# Waterproof GPS for a Kayak



## BloodStripe (Aug 31, 2015)

My wife and I went out and bought a few kayaks over the weekend. I want to pick up a handheld GPS and a personal locator beacon as we do plan on open ocean kayaking. 

I would like to spend $250 or less on the GPS as I want a beacon for both her boat as well as mine. This led me to a Garmin GSMAP 64. Does anyone have any experience with one or a similar type item? 

My only requirements are handheld, waterproof, ability to load maps, track our usage on a computer after we plug it in, and the ability to preprogram our routes.


----------



## Gunz (Aug 31, 2015)

I've had Garmin GPS handhelds that I've been happy with. And they're affordable. Just how far out in the "open ocean" do you intend to kayak? My advice, as an old salt who's been sailing, boating and fishing offshore since childhood, is: the ocean can kill you.


----------



## BloodStripe (Aug 31, 2015)

Haha. Yes it can. 

Truthfully I don't know that answer yet. We have no plans to bluewater as of right now, but in a year or two that may change. Nothing crazy like Florida to the Bahamas, but I could see a mile or two off shore for now. 

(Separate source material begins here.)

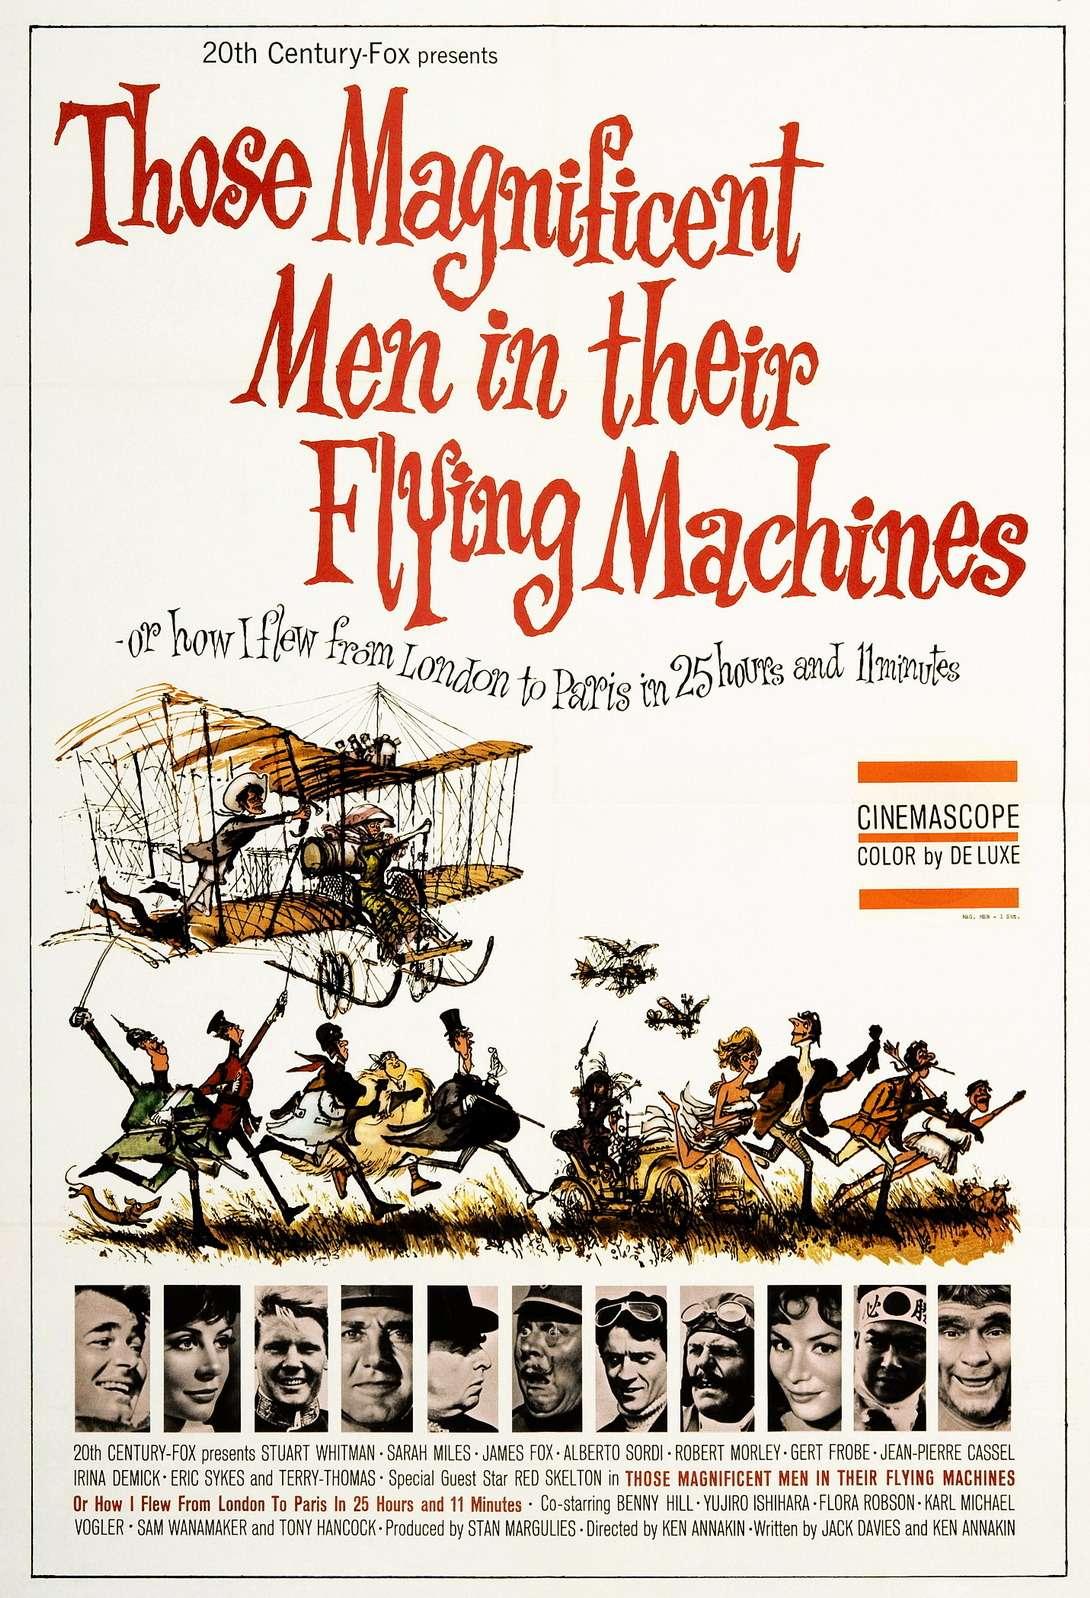 Автомобиль №60551— один изсимволов Великобритании. В1965 году его даже сняли водном изэпизодов ретро-комедии Those Magnificent men inTheir Flying Mashines, внашем прокате известной как «Воздушные приключения». Наснимке— постер кинокомпании 20th Century-Fox

I'll leave the bluewater travel for a sailboat adventure.


----------



## Teufel (Sep 6, 2015)

Just get a clear waterproof bag.  I've been doing over the horizon amphib ops for 13 years now (ironically we have four kayaks in our company inventory) and I don't trust factory water proofing.  I usually double bag my GPS (just like you should do if you ever visit Thailand) with two sea to summit bags or DUI bags.


----------



## RetPara (Sep 22, 2015)

I use Backcountry Navigator on my android phone in a water proof phone case.  Dumped the kayak a few times and the phone works.   I would HIGHLY recommend a good hand pump and some other self recovery type stuff.  

What kind of kayaks did you get?


----------